# Gundam Exia vs. Lancelot Albion



## Bender (Mar 29, 2009)

Gundam Exia



Pilot Setsuna F. Seiei



VS.

Lancelot Albion



Pilot Suzaku Kururugi



Battleground: Kantejima Island

Round 1:

Their normal pilot skills

Round 2:
-Setsuna has innovator abilities
-Suzaku has Geass "alive"

In a fight to the death who'd win?


----------



## Emperor Joker (Mar 29, 2009)

What's the Exia capable of I've only watched a couple episodes on Sci-Fi.


----------



## Graham Aker (Mar 30, 2009)

> Round 1:
> 
> Their normal pilot skills


Setsuna has better skills. And the better mecha, he wins.



> Round 2:
> -Setsuna has innovator abilities
> -Suzaku has Geass "alive"


If Live didn't help Suzaku beat Kallen, I certainly doubt it'd be a factor against Setsuna, WITH Innovator abilities.
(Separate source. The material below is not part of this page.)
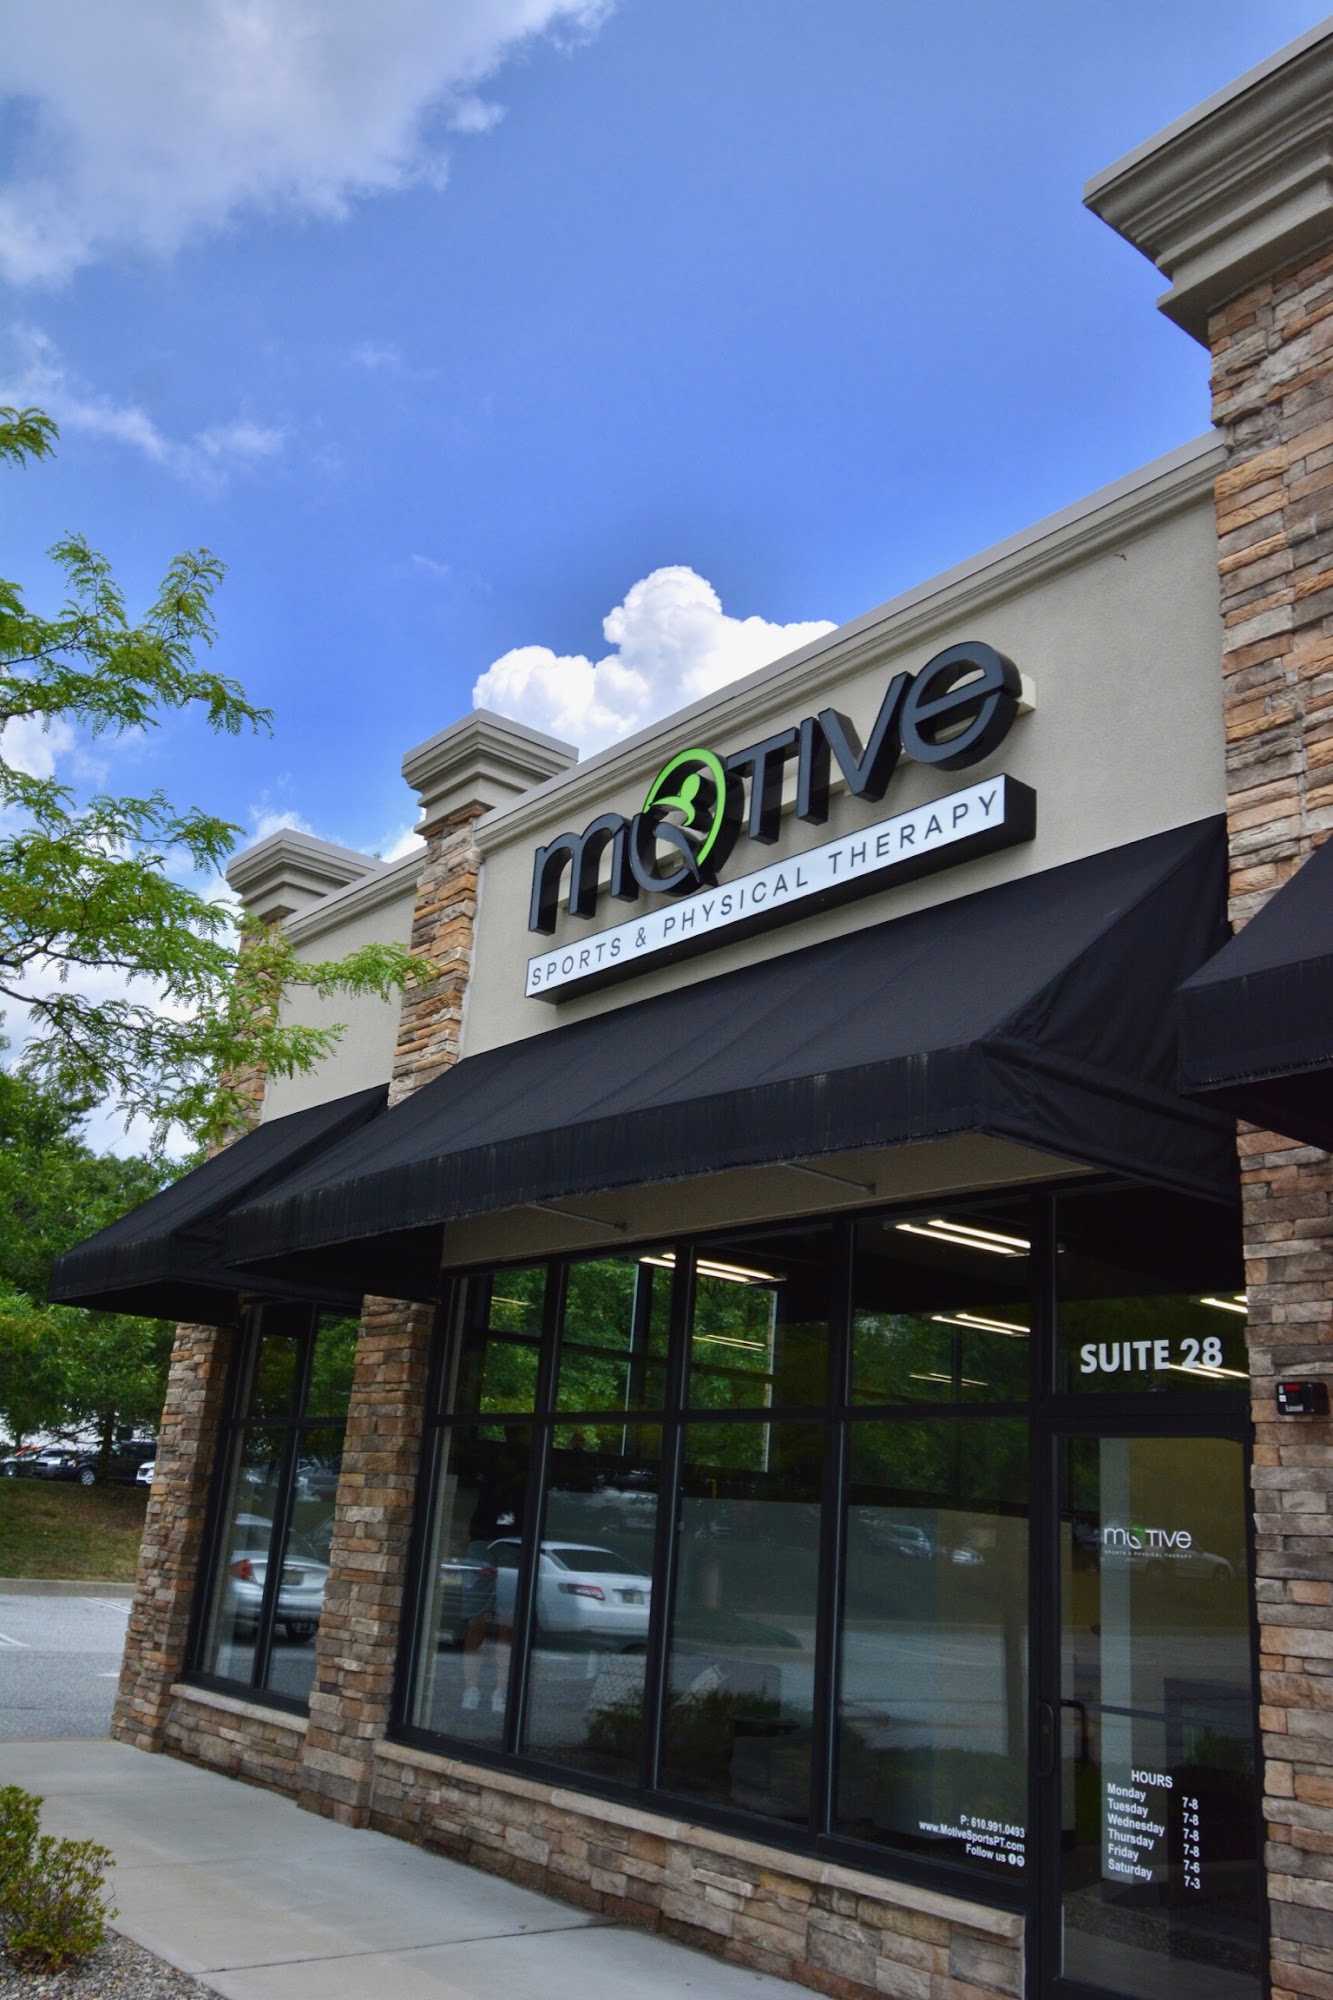 Motive Sports & Physical Therapy 91 Wilmington West Chester Pike Suite 28, Chadds Ford Pennsylvania 19317

And Trans-Am. Albion gets mutilated.


----------



## Tranquil Fury (Mar 30, 2009)

Setsuna godstomps in every area.


----------



## dwabn (Mar 30, 2009)

yeah a gundam is much more powerful kf and setsuna is prob a better pilot. so exia stomps.


----------



## Coteaz (Mar 30, 2009)

Haro in Exia could rape Lancelot Albion.


----------



## Ork (Mar 31, 2009)

I'd say that as far as machine power goes, Exia godstomps this, its got all sorts of goodies, and its just a higher perfomance, more advanced machine. That said, Without his innovator abilities, Suzaku was a better pilot, he was performing amazing acrobatic feats with an inferior machine, that I never saw setsuna attempt, even in situations where it would have saved him an arm or a leg on his gundam.


----------